Há cinquenta anos, durante a Feira do Livro de Porto Alegre de 1974, pela primeira vez uma edição de cartuns foi o volume mais vendido no tradicional evento cultural. Publicado pela estreante L&PM Editores, Rango 1 compilava as primeiras tiras (publicadas na Folha da Manhã, do grupo Caldas Júnior) de um personagem singular, tradução da miséria em forma de gente, alguém que tirava da própria situação paupérrima a liberdade para denunciar as desigualdades brasileiras.
Para não deixar dúvidas que Rango tinha chegado para ficar, ninguém menos que um Erico Verissmo dava o seu aval, no prefácio da obra. “Recomendo este livro com maior entusiasmo. Dirão os felizes acomodados da vida que suas estórias nos deixam um ressabio amargo. Claro! Vasques é o campeão do marginal, do homem que sofre de fome crônica. Faz no reino do humorismo o que Josué de Casto fez na sociologia.”
“Fiquei faceiro com tudo isso”, relembra Edgar Vasques, pai do icônico personagem. Em conversa com o Jornal do Comércio, ele reforça a ideia de que seu personagem, desde o início, é uma maneira de “tomar pulso” da situação dos miseráveis e excluídos. “A desigualdade continua, nunca mudou, e o Rango denuncia tudo isso com a ironia e ambiguidade que o humor permite”, acrescenta.
Rango surgiu na revista Grillus, publicada pelo Diretório Acadêmico da Faculdade de Arquitetura da Universidade Federal do Rio Grande do Sul (Ufrgs), em 1970, uma criação do então estudante do curso, Edgar Luiz Simch Vasques da Silva, porto-alegrense da gema, clara e casca, desde 5 de outubro de 1949.
Uma das primeiríssimas histórias já deixava claro qual era a do personagem: o filho reclama da fome, Rango corta um pedaço da própria bunda e oferece à criança. Isso durante o período mais implacável da Ditadura Militar. Passado meio século, Edgar ainda sente a indignação de perceber que a profunda desigualdade social no Brasil permanece quase inalterada. “Medidas que se tomam para minimizar esta situação são sempre necessárias: as políticas das cotas, de inclusão, e até o Bolsa Família”, elenca.

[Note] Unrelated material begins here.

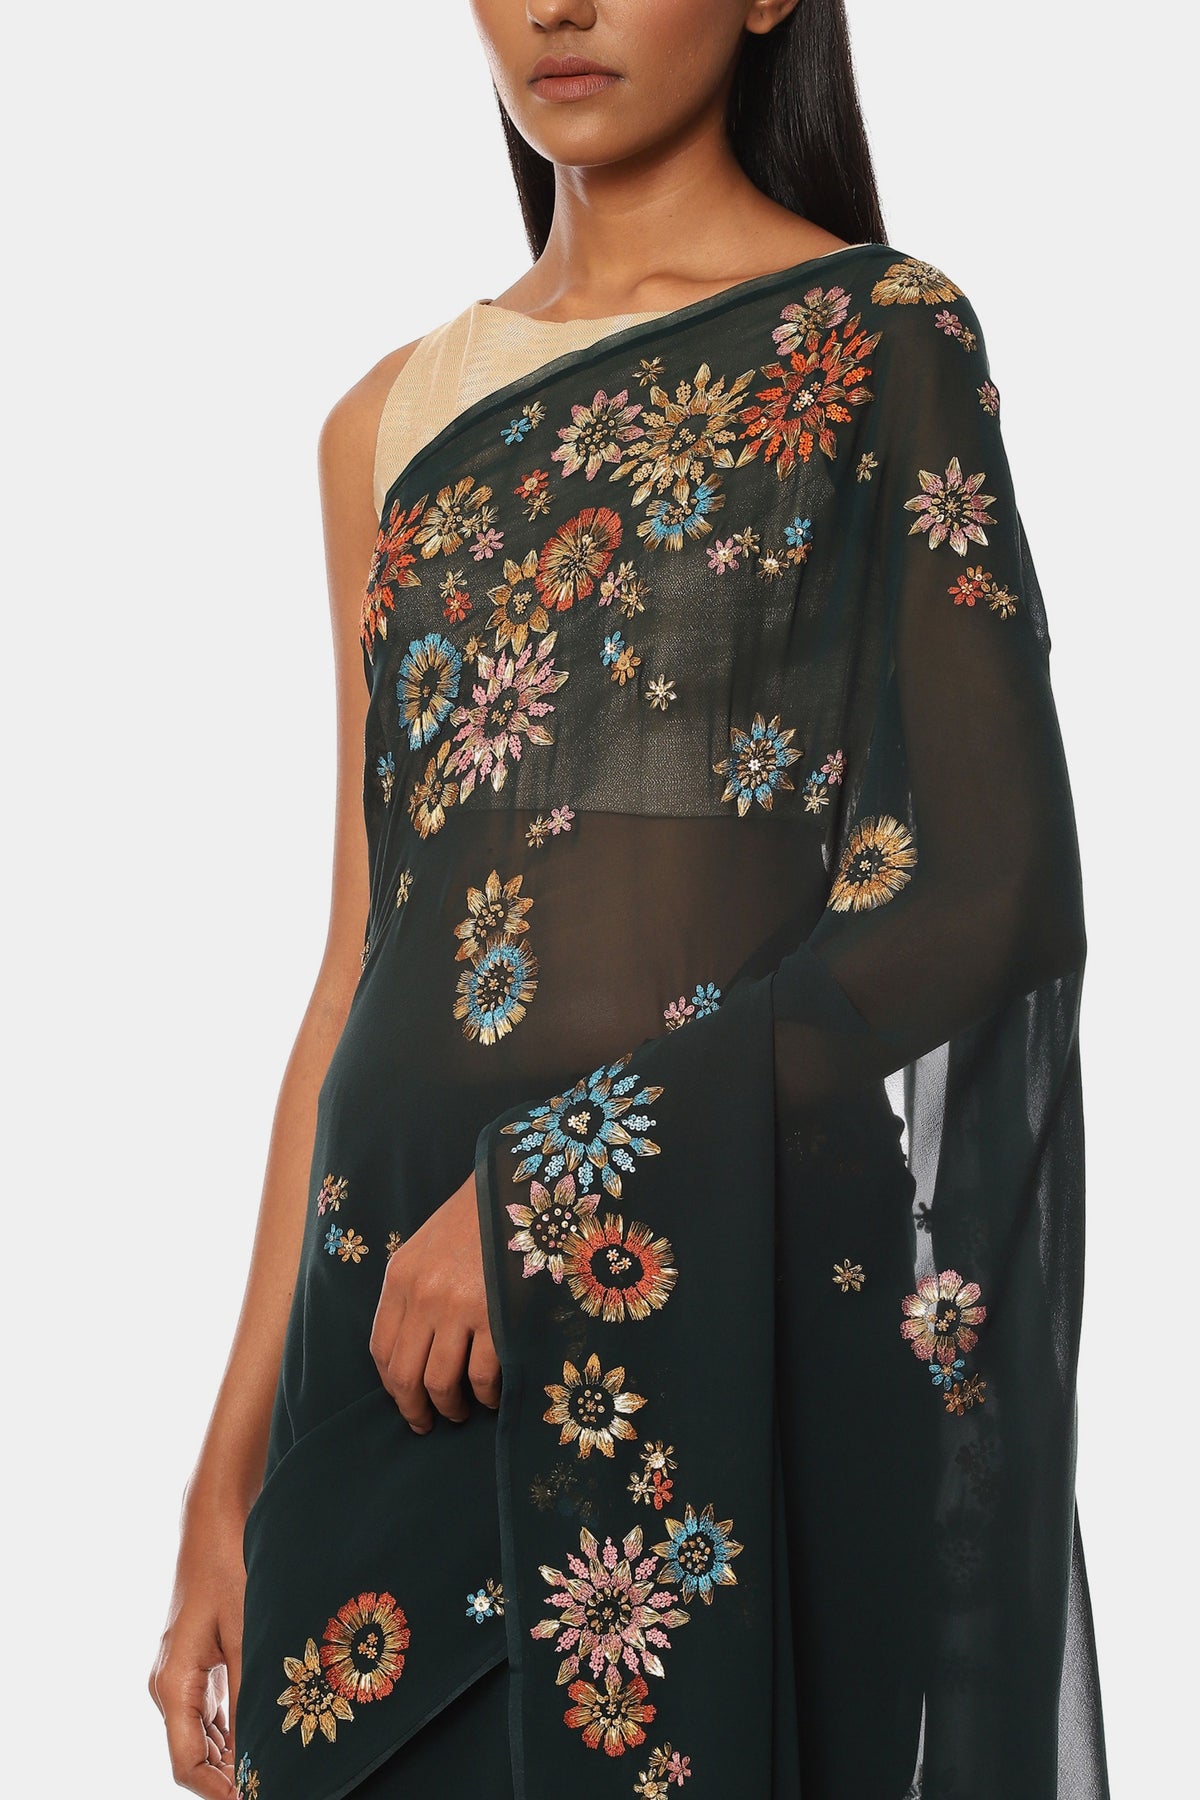 The Embroidered Jungle Queen Saree

Há um livro organizado por Suzana Gastal, Edgar Vasques – Desenhista Crônico, de 2013, onde ele concede uma grande e detalha entrevista, sobre sua formação acadêmica. No livro, ele diz: “Se tu fores olhar, sou mais artista do que arquiteto. Na Faculdade de Arquitetura tive uma ampla formação cultura, existencial e tal, mas profissionalmente, uma boa parte praticamente eu não uso.”
Depois da Grillus, Rango foi parar nas páginas de um jornal matutino que fez historia da imprensa dos anos de 1970 em Porto Alegre, a Folha da Manhã. Ali, nasceu um projeto chamado Quadrão, onde Edgar e José Guaracy Fraga abriam um espaço para cartunistas e desenhistas iniciantes.
Não demorou muito para que Rango rumasse Brasil afora. “No Rio Grande do Sul, o maior best-seller nas livrarias não é nenhum romance famoso, mas um livro de quadrinhos, onde se lança nacionalmente um tipo chamado Rango”, registrou o Jornal do Brasil em 9 de novembro de 1974. O personagem era popular de fato: “as historias são muito boas, leio todos os dias e muitas me lembram os meus amigos de infância”, disse Escurinho, atacante do Sport Club Internacional, um ídolo colorado.
Talvez parte do impacto do Rango esteja justamente nessa indesejável, mas inquestionável, atualidade. “A ideia de fazer o Rango nasceu de observações pessoais minhas, das coisas que via acontecendo. Sempre me impressionou ver que, apesar de toda a balaca, toda propaganda, há cada vez mais gente catando comida no lixo e cada vez mais gente com fome. Isso, dentro de um clima de crescente euforia econômica da classe média-alta”, diz o texto de Edgar para a edição de Rango 6, de 1978. Poderia ser dito hoje, sem mudar uma palavra sequer.
Na edição de Rango de 2018, Crocodilagem, que marca os 50 anos de atividade de Edgar Vasques, há a passagem das tiras desenhadas em preto e branco para a utilização de cores. A partir daí, a técnica e o talento do autor ficaram mais valorizados – mas sem que a melhoria venha para atenuar o espírito original: Rango continua miserável, continua com fome e com muita coisa a dizer.